Etude des mécanismes inflammatoires dans l’accident vasculaire cérébral


Recently we developed and validated a method of cellular imaging of inflammation using high resolution MRI. This approach was based on macrophage tracking using intravenous injection of ultrasmall superparamagnetic nanoparticles of iron oxides (USPIO). From the preliminary results, it was possible to define the dynamics of post-ischemic inflammation in mice [1]. This approach is now being completed by an MRI study of human cerebral infarction. The objective is to study the relationship between the decrease in the MRI signal induced by USPIOs and the clinical and pathological parameters [2] .

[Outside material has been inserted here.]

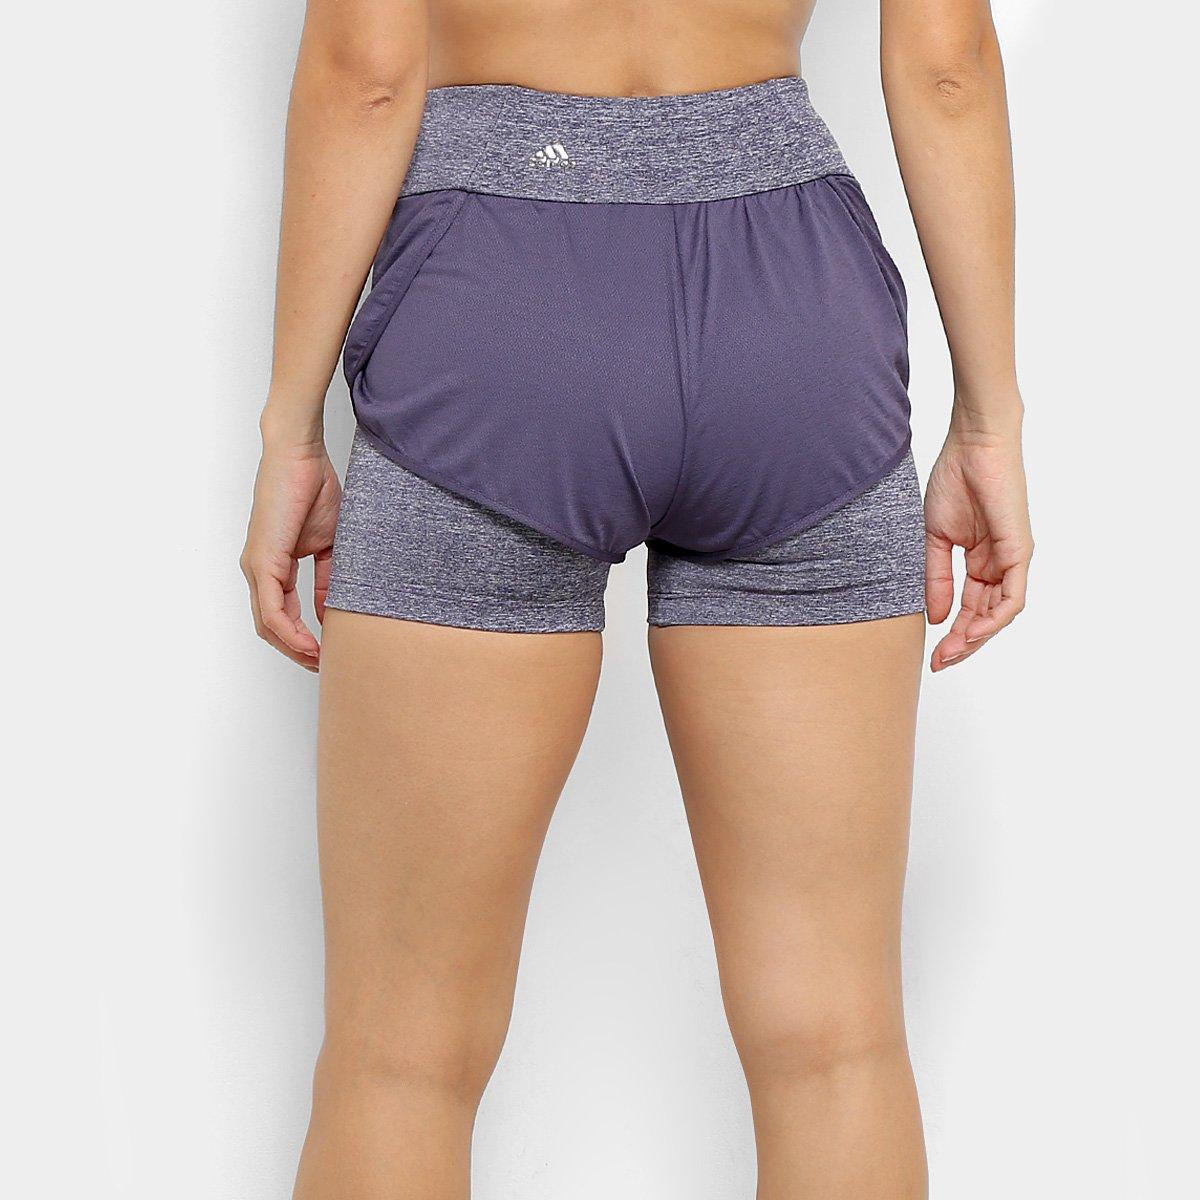 835a6b98e Short Adidas M Dual Feminino | Livelo -Sua Vida com Mais Recompensas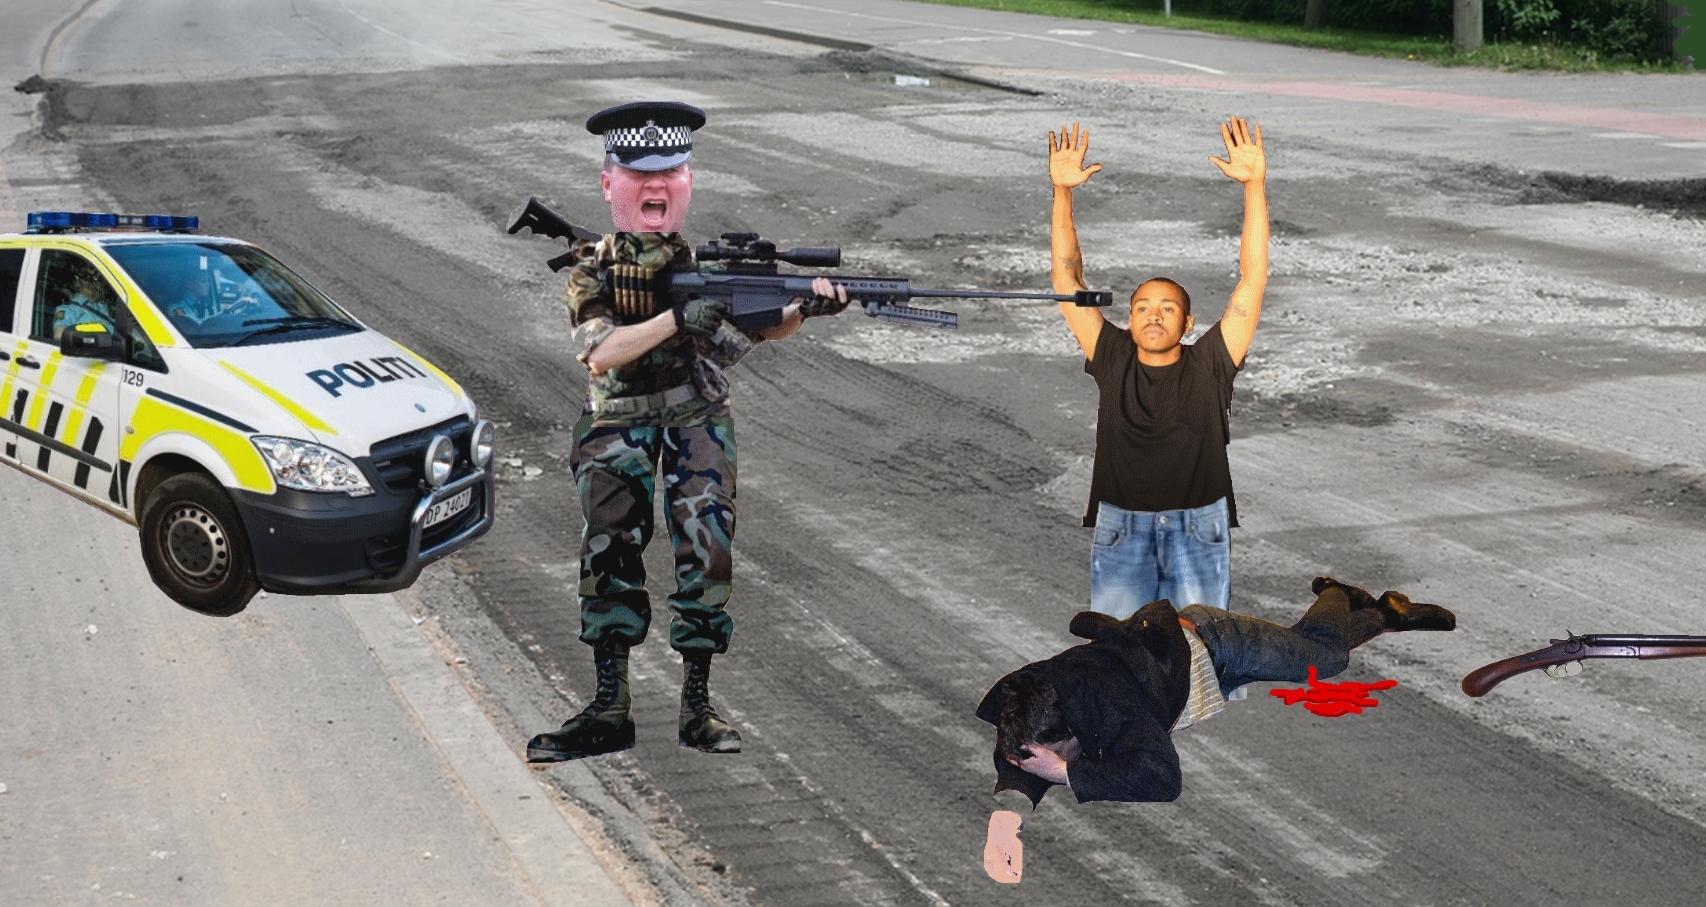 Henrettelsen5

Figure. Correlation of gradient-echo (GRE) signals with immunohistology. A- GRE MRI 72h post-pMCAO and i.v. injection of USPIO. Note the hyposignal around the lesion, the contralateral corpus callosum and the ipsilateral peri-ventricular area. B- Double staining with Prussian blue and F4/80 of the right (ipsilateral) ventricle. Iron-stained microglia/macrophages are clearly visible along the lateral wall, in correlation with the hyposignal observed in GRE images (A). C- Prussian blue staining for iron in the contralateral corpus callosum of the corresponding slice. Positive staining was observed around cell nuclei, which suggests cytoplasm uptake (insert). D- F4/80 immunostaining for mouse microglia/macrophages in the contralateral corpus callosum. Note the F4/80+ brown cells, in spatial agreement with iron+ cells (B) and MRI hyposignal (A). E- F4/80 immunostaining of a non-operated control mouse in the left corpus callosum, with no positive staining. F- Double staining with Prussian blue and F4/80: magnification of B. Microglia/macrophages as identified by their brown color and typical ramified shape, were also blue-stained, suggesting USPIO intra-cellularity.